Hij keek toe, hoe Thea schrijlings op het sleetje ging zitten; hij zag haar rose directoirtje, waarover zij gauw haar rokje trok; die wist hoe het hoorde!
‘Hou je vast, Thea, daar gaan we, naar de berg!’ Kompeltje trok aan en zette er een flink vaartje in, hoe eerder hij de kolonie uit was, hoe liever, op de berg zouden er wel niet veel kinderen uit zijn kolonie zijn.
Een hoek omslaande, zag hij voor zich uit oude Sjeng loopen. Die had al dagen lang de komende sneeuwbui in zijn lichaam gevoeld en nu de sneeuw eenmaal gevallen was, was het of de pijnen verdwenen waren en voelde hij zich opgelucht. Hij had de verzoeking niet kunnen weerstaan, een blokje om te loopen.
Kompeltje hield zijn vaart in.
| |
| |
‘Ha, die Sjeng,’ riep hij, en liep toen even naast Sjeng mee. ‘Ik kan nu niet naar Lutterade met die sneeuw, ik ga maar na Nieuwjaar, de school begint toch pas 7 Januari!’ Sjeng keek lachend op zijn vriendje neer en knikte.
‘Je kunt nu beter met de slee er op uit, dan met de fiets.’ Weg draafde Kompeltje, de slee, waarop Thea stil zat te genieten, achter zich aansleepend.
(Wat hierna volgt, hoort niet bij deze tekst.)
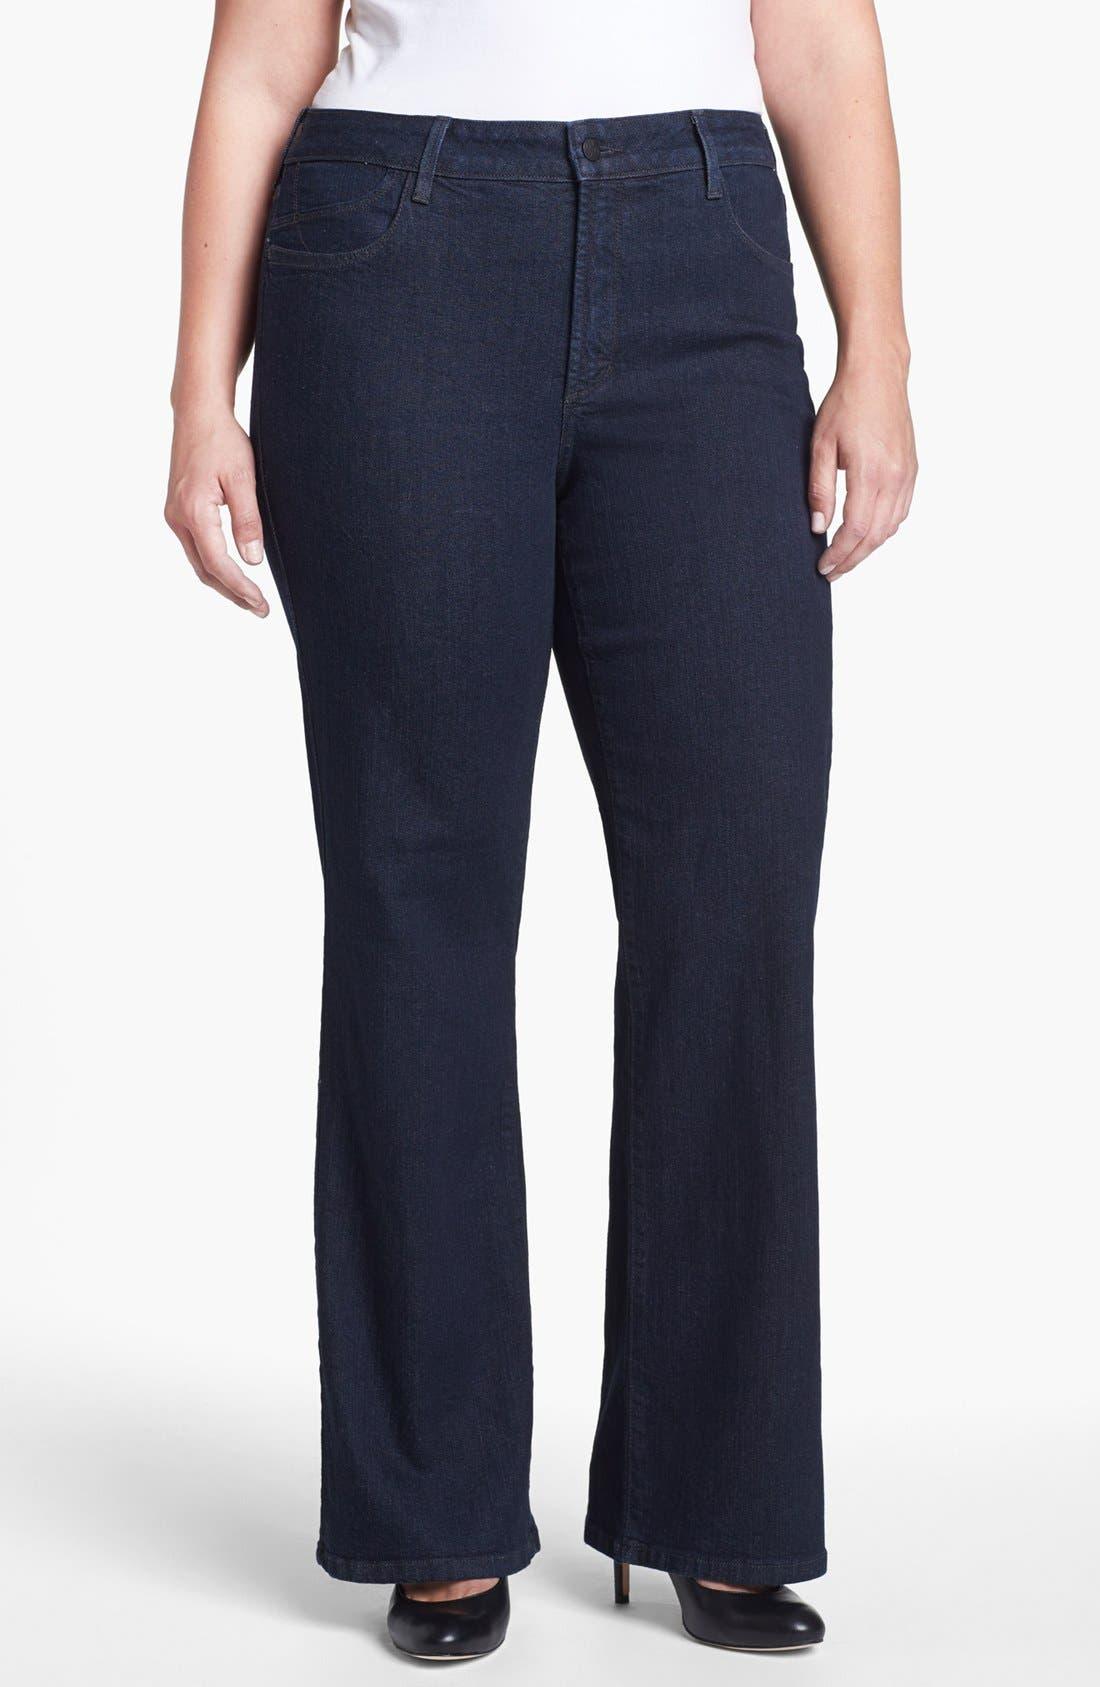 Main Image - NYDJ 'Sarah' Stretch Bootcut Jeans (Dark Enzyme) (Plus Size)

‘Wil ik eens trekken, Kompeltje, dan kun jij eens zitten?’ Kompeltje verwaardigde zich niet antwoord te geven; hij schudde alleen maar van neen, dat moest er ook nog bijkomen, dat hij zich door een meisje zou laten trekken! 't Was zoo al erg genoeg.
Thea was zoowat een jaar jonger dan Kompeltje, had een erg lief gezichtje met een paar donkere oogen en 'n massa gitzwart haar, dat in pijpenkrullen op haar schouders hing. Kompeltje had nooit veel aandacht aan de meisjes besteed, wel werd er natuurlijk door de jongens onder elkaar veel over meisjes gepraat en sommigen konden er heel wat over vertellen. Kompeltje had bij zulke gelegenheden ook maar net gedaan, of hij er alles van begreep en ook meegelachen, maar zijn belangstelling ging meer naar de mijn uit.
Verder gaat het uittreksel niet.